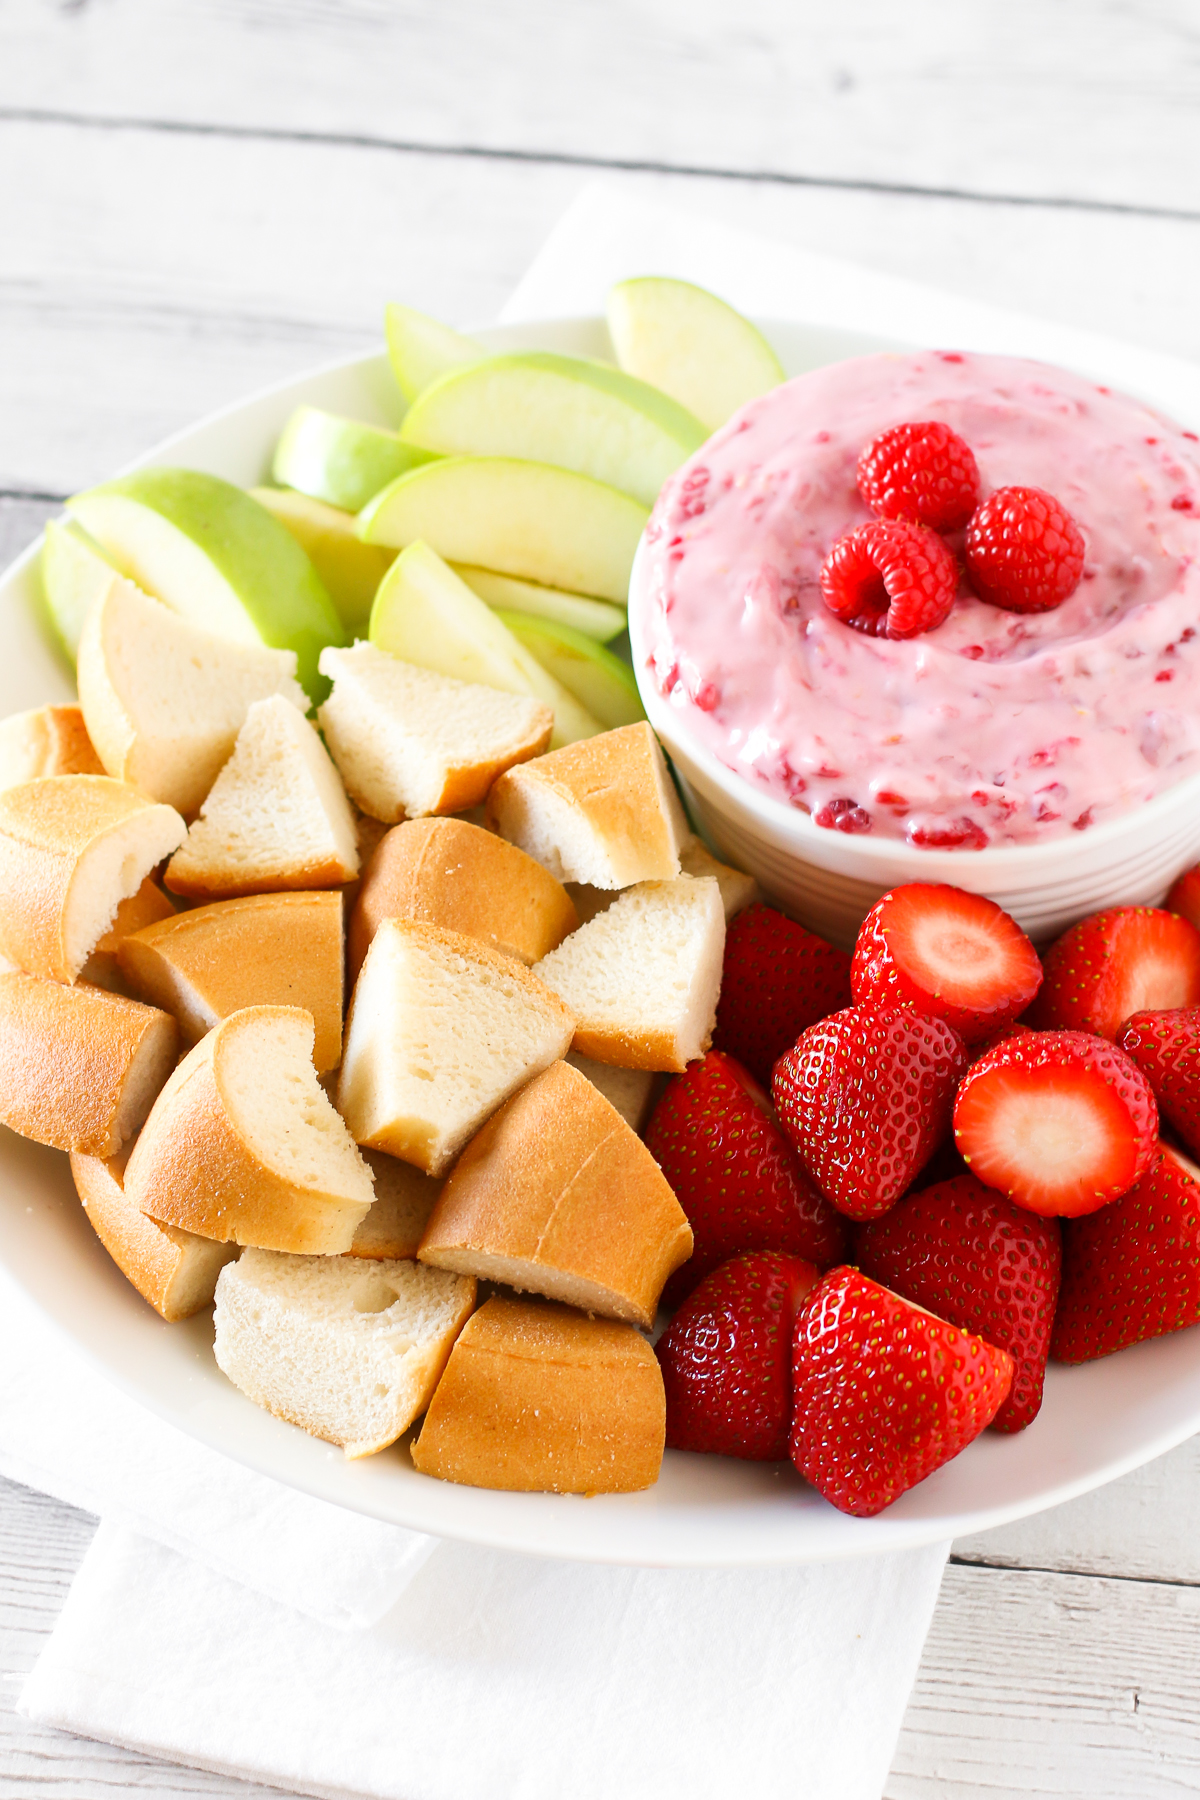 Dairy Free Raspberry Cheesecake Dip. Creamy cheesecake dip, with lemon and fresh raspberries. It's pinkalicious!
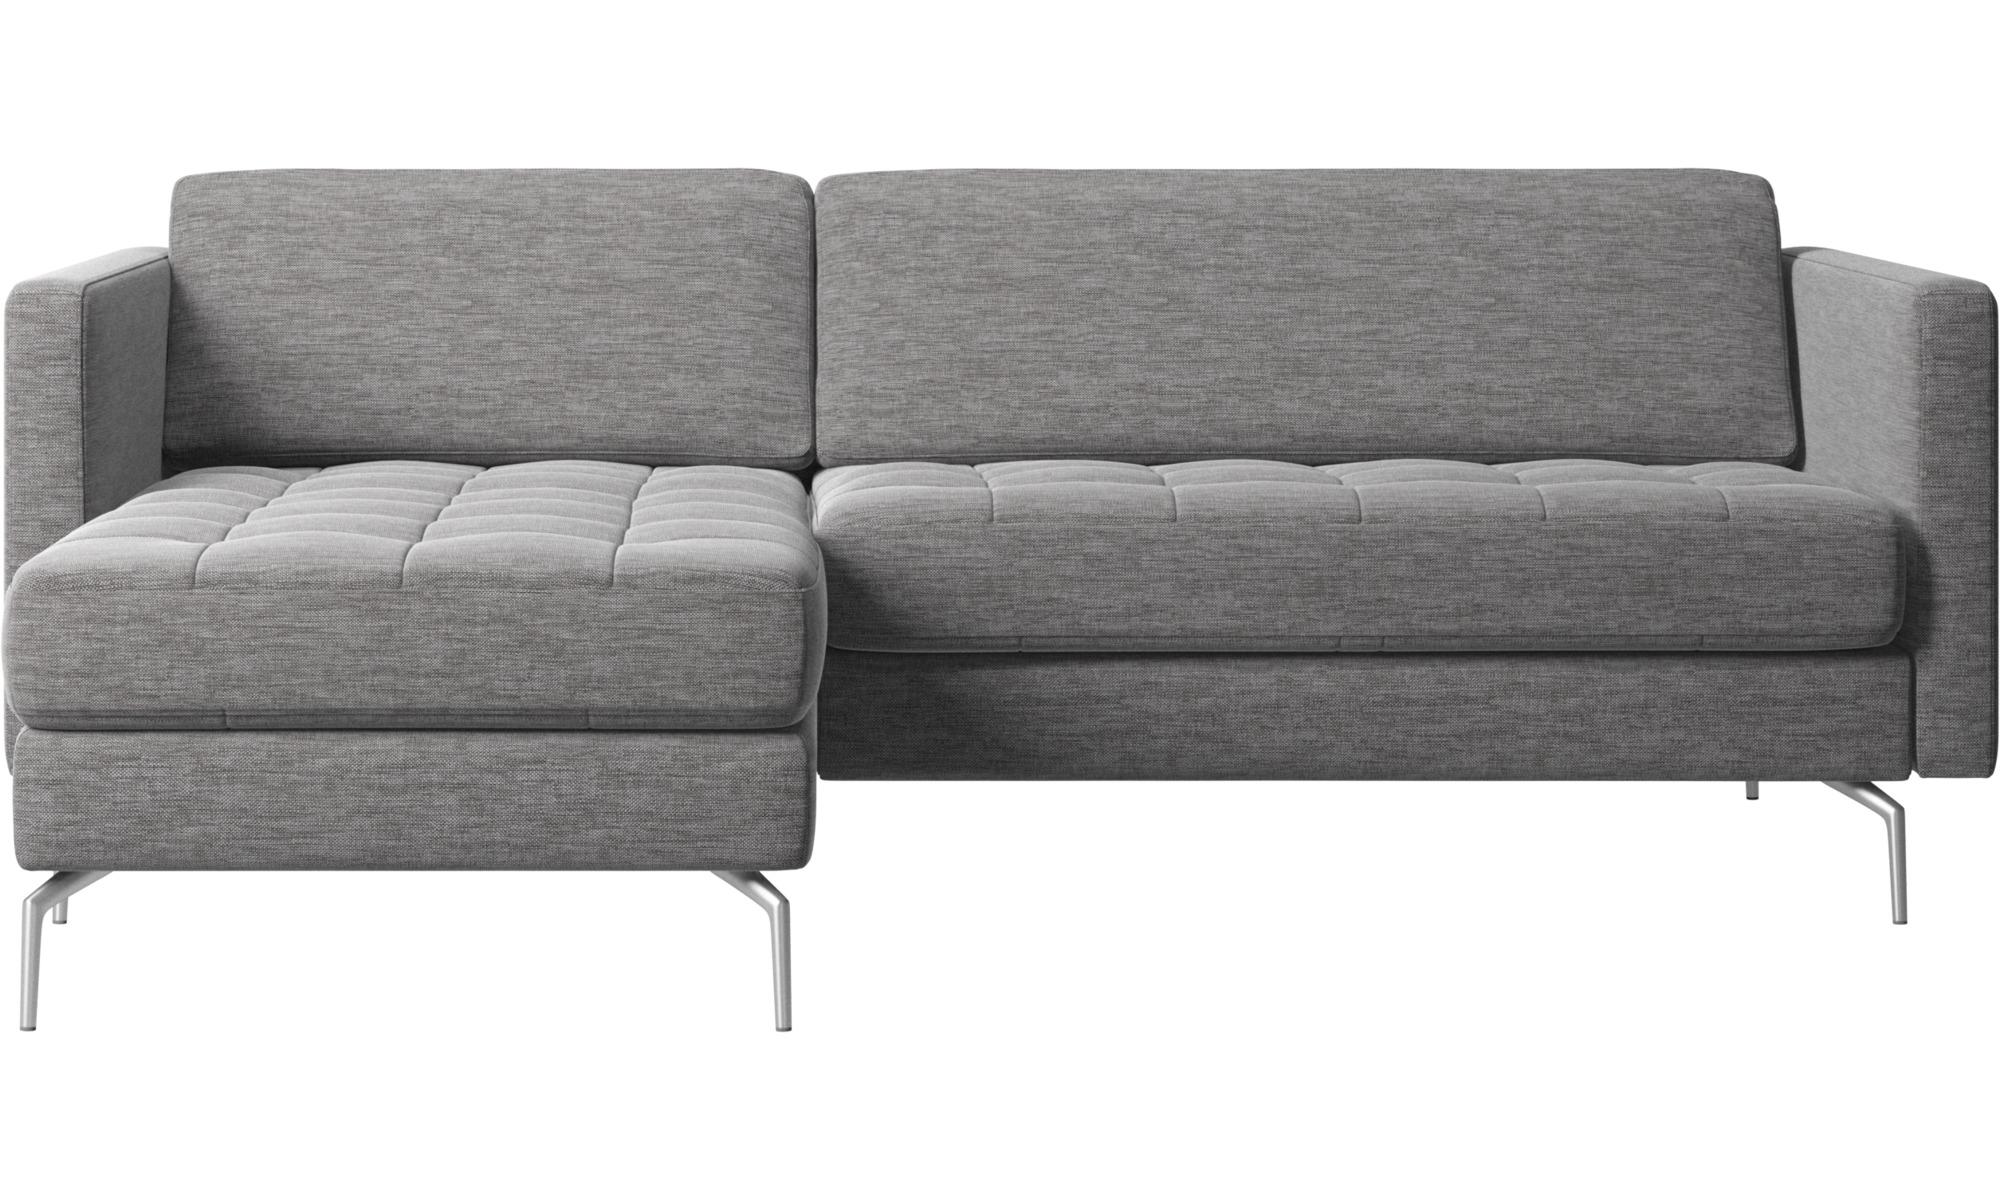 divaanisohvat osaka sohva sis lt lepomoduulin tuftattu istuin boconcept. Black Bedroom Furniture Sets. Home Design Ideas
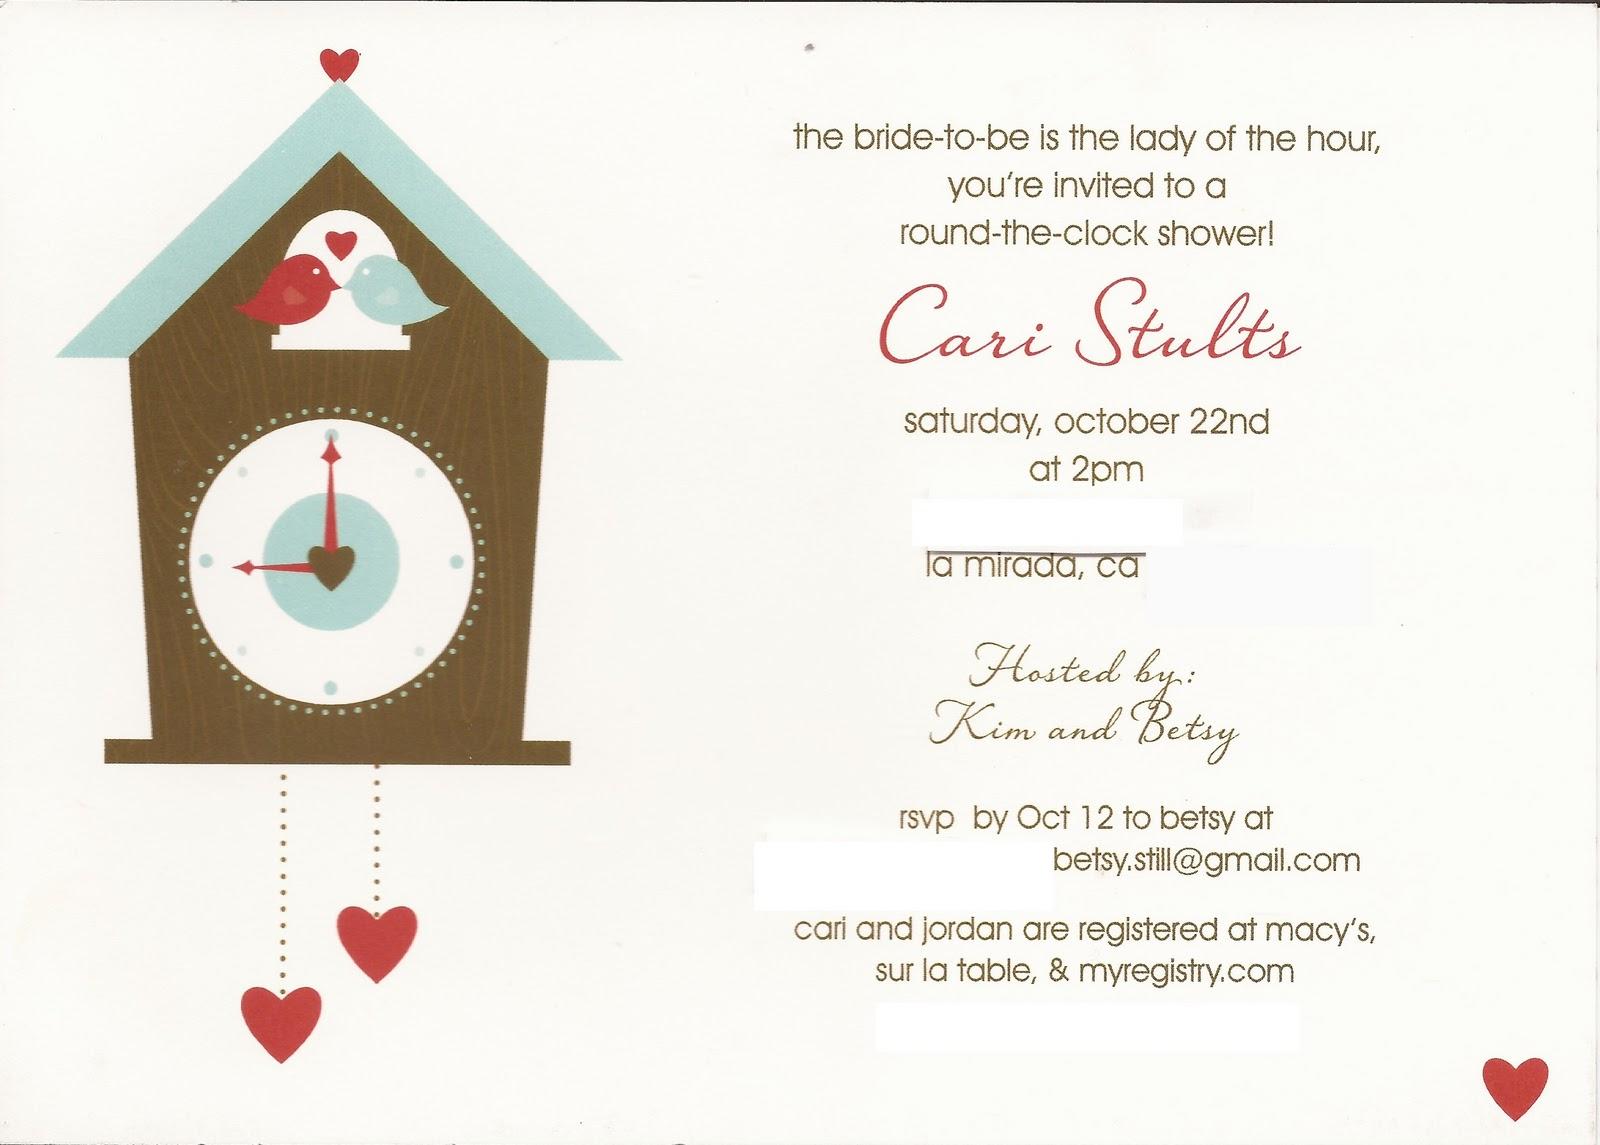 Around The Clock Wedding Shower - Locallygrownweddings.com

•••

▶ [Instructions to follow]:
Pictures aside, reproduce all of the material above without alteration.

▶ [Written answer]:
 Dairy Free Raspberry Cheesecake Dip. Creamy cheesecake dip, with lemon and fresh raspberries. It's pinkalicious!
 divaanisohvat osaka sohva sis lt lepomoduulin tuftattu istuin boconcept. Black Bedroom Furniture Sets. Home Design Ideas
 Around The Clock Wedding Shower - Locallygrownweddings.com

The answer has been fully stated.